No variable or dimension names are standardized by this convention. Instead we follow the lead of the NUG and standardize only the names of attributes and some of the values taken by those attributes. The overview provided in this section will be followed with more complete descriptions in following sections. Appendix A, Attributes contains a summary of all the attributes used in this convention.
We recommend that the NUG defined attribute
Conventions
be given the string value
"CF-1.0"
"CF-1.1"
to identify datasets that conform to these
conventions.
The general description of a file's contents
should be contained in the following attributes:
title,
history,
institution,
source,
comment
and
references
(Section 2.6.2, “Description of file contents”).
For backwards compatibility with COARDS none
of these attributes is required, but their
use is recommended to provide human readable
documentation of the file contents.
Each variable in a netCDF file has an associated
description which is provided by the attributes
units,
long_name, and
standard_name. The
units,
and long_name
attributes are defined in the NUG and the
standard_name attribute is
defined in this document.
The
units
attribute is required for all variables
that represent dimensional quantities (except for
boundary variables defined in
Section 7.1, “Cell Boundaries”.
The values of the
units
attributes are character
strings that are recognized by UNIDATA's Udunits
package
[UDUNITS],
(with exceptions allowed as discussed in
Section 3.1, “Units”).
The
long_name
and
standard_name
attributes are
used to describe the content of each variable. For
backwards compatibility with COARDS neither
is required, but use of at least one of them
is strongly recommended.

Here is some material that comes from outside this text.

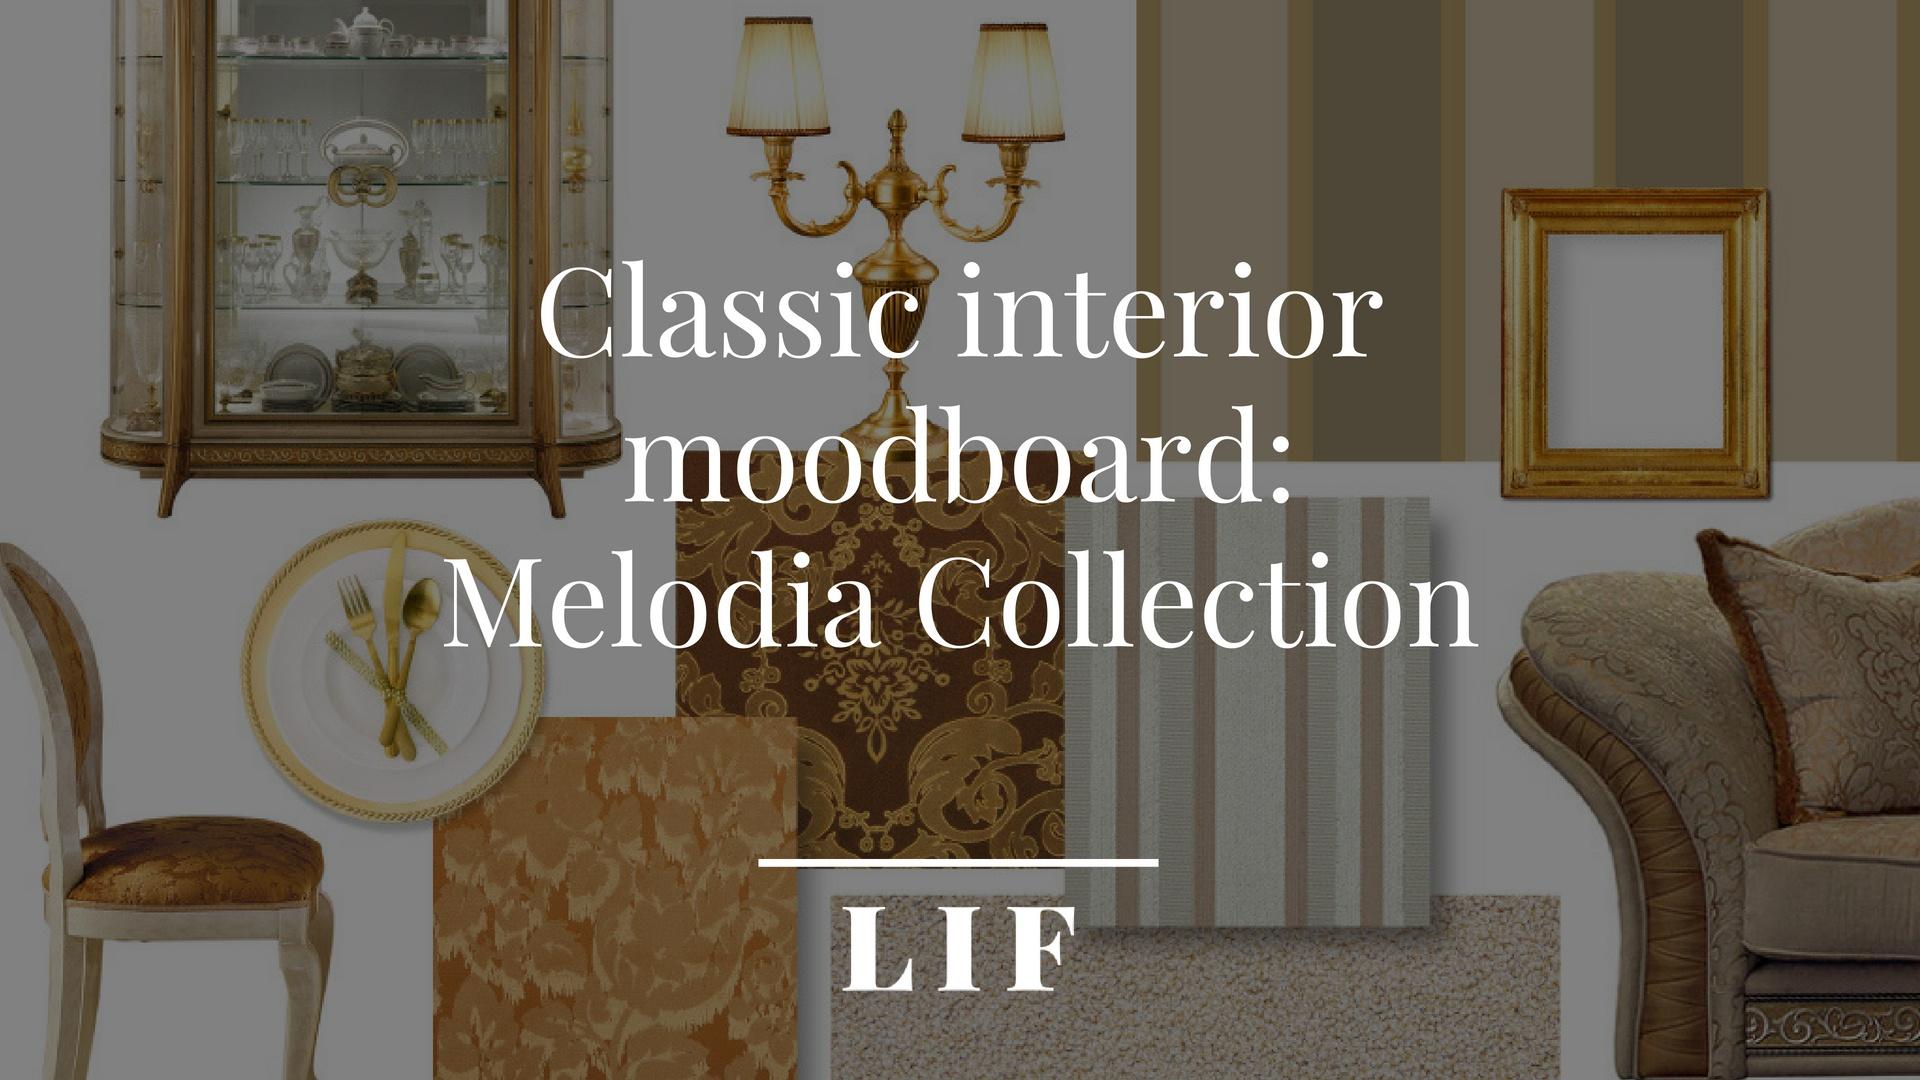 Classic interior moodboard-melodia collection

The use of standard
names will facilitate the exchange of climate
and forecast data by providing unambiguous
identification of variables most commonly
analyzed.
Four types of coordinates receive special treatment by these conventions: latitude, longitude, vertical, and time. Every variable must have associated metadata that allows identification of each such coordinate that is relevant. Two independent parts of the convention allow this to be done. There are conventions that identify the variables that contain the coordinate data, and there are conventions that identify the type of coordinate represented by that data.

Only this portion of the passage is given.